La question des divorcés-remariés, la nullité du mariage, et des secondes noces pour les divorcés, sont des thèmes que le pape François souhaite approfondir, dans le sillage de son prédécesseur, Benoît XVI, qui les avait à cœur : « Nous devons dire aux divorcés remariés que l’Eglise les aime, ils doivent sentir que nous faisons de tout pour les aider », avait dit ce dernier à la fête des témoignages de la grande fête des familles, au parce de Bresso, près de Milan, en juin 2012.
Comme Benoît XVI, le pape François souhaite que l’Eglise agisse en amont, fasse de la prévention, et il le dit dans sa récente interview à cœur ouvert, aux revues jésuites de 16 pays d’Europe et d’Amérique Latine, réalisée par le P. Antonio Spadaro, jésuite italien :
« Nous devons donc trouver un nouvel équilibre, autrement l’édifice moral de l’Église risque lui aussi de s’écrouler comme un château de cartes, de perdre la fraîcheur et le parfum de l’Évangile. L’annonce évangélique doit être plus simple, profonde, irradiante. C’est à partir de cette annonce que viennent ensuite les conséquences morales.»
L’annonce au clergé de Rome que « le groupe des huit cardinaux » chargé de l’aider dans les réformes de la Curie, parlera de tout ça, a fait le tour de la planète, suscitant un vif intérêt et de nombreux commentaires.
Mais peut attendre du pape une admission aux sacrements des divorcés remariés ? Giacomo Galeazzi, journaliste à La Stampa, a posé la question à l’historienne italienne Lucetta Scaraffia, éditorialiste à l’Osservatore Romano, diffusée vendredi 20 septembre, en italien sur le site Vatican Insider.
Voici la traduction de cette interview :
Giacomo Galeazzi
Q: Pardon aux femmes qui avortent, accueil des homosexuels et des nouvelles unions : ce pontificat est-il en train de changer l’Eglise?

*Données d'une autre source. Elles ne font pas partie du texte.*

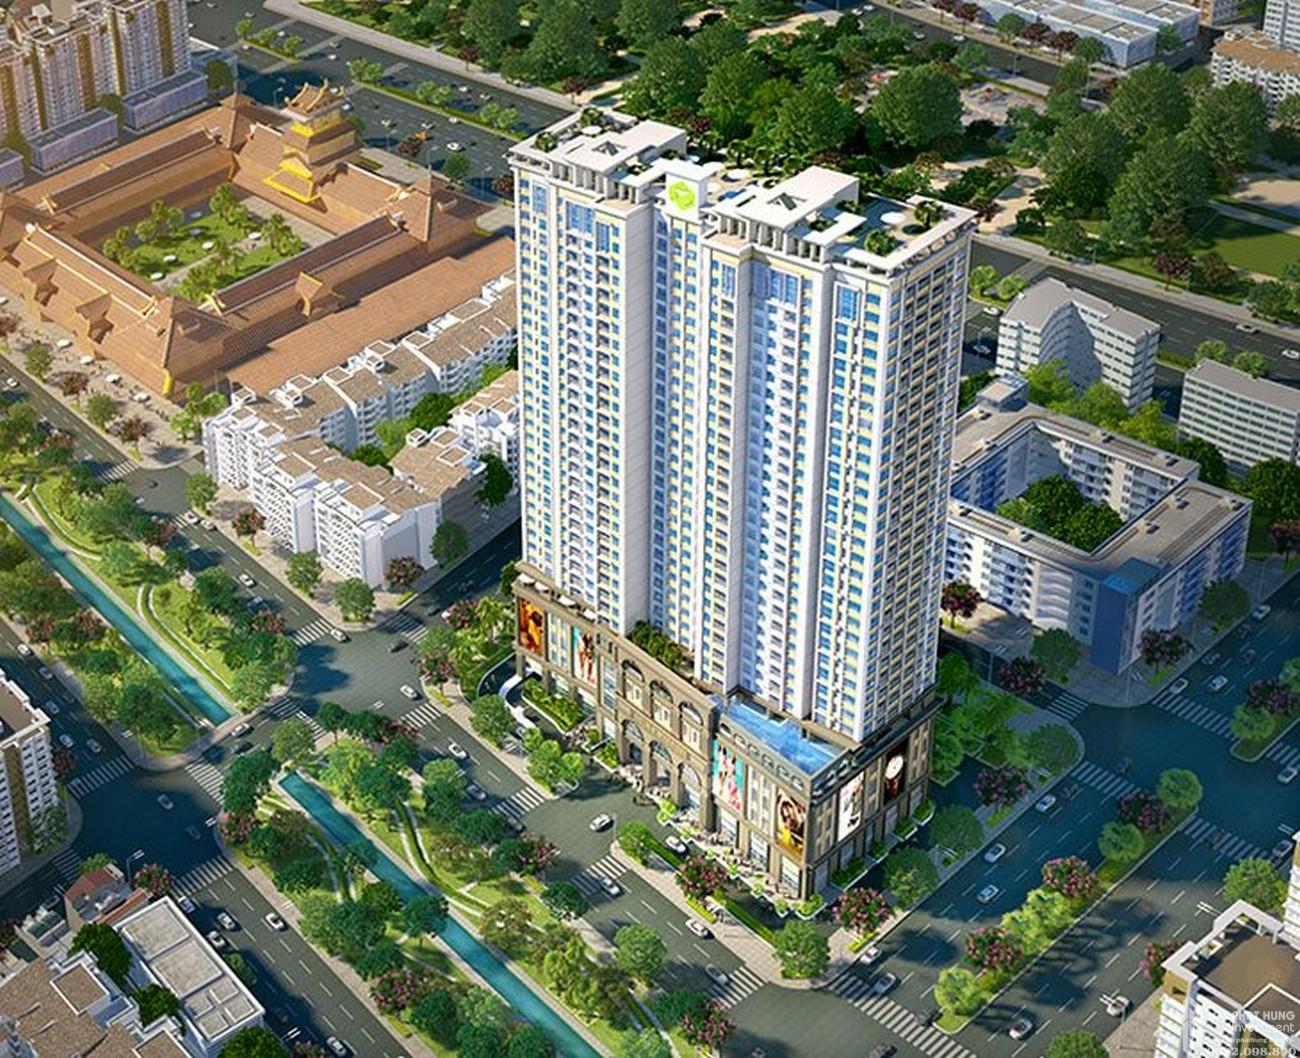 Cho thuê dự án căn hộ chung cư Lucky Palace Quận 6 Đường 50 Phan Văn Khỏe chủ đầu tư Novaland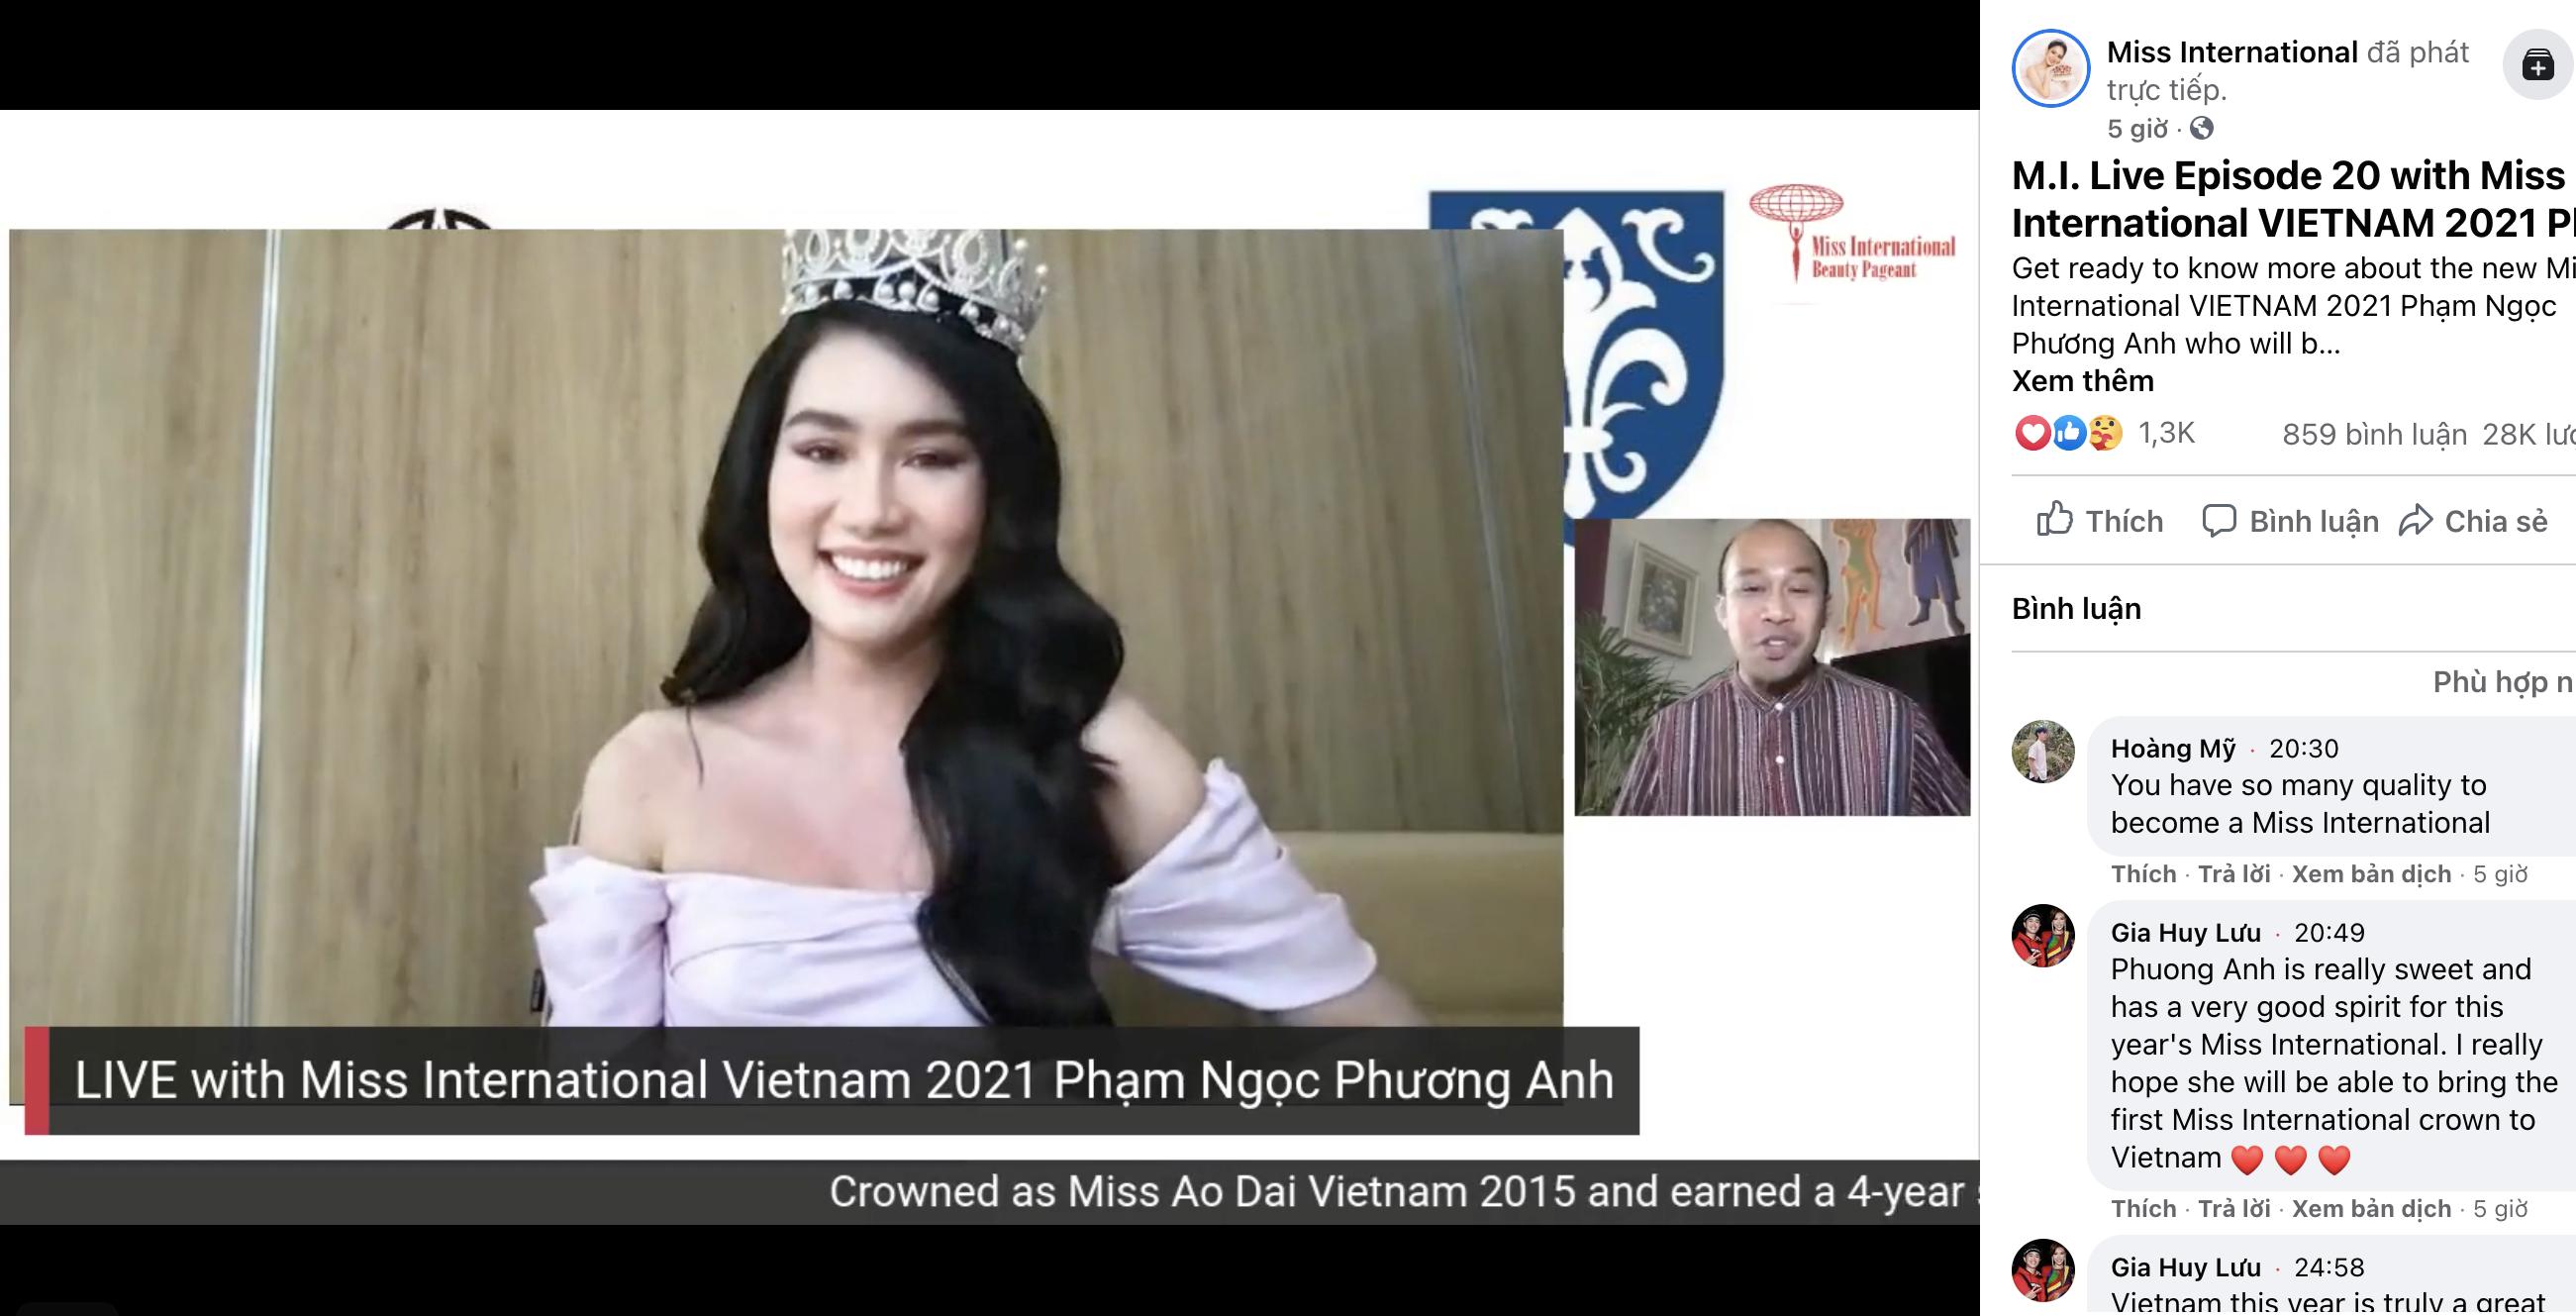 Á hậu Phương Anh trò chuyện lưu loát bằng tiếng Anh tại buổi giao lưu trực tuyến Hoa hậu Quốc tế

Lucetta Scaraffia : « Le pape François fait la distinction entre le péché et le pécheur. Il déclare que les homosexuels ne sont pas inférieurs aux autres ni différents : le choix de comment vivre son homosexualité fait partie du mystère de chaque personne. Cette approche est la même que celle qu’il a envers les femmes qui interrompent volontairement leur grossesse et envers les nouvelles unions. Il fait la distinction entre «la condamnation » du péché et le sentiment de « miséricorde » à l’égard du pécheur : son christianisme n’est pas du puritanisme rigide sans cœur. Il efface tout moralisme rigide et insensible. Les médecins positivistes considéraient les homosexuels comme des personnes malades, alors que l’Eglise les a toujours considérés comme des êtres humains ».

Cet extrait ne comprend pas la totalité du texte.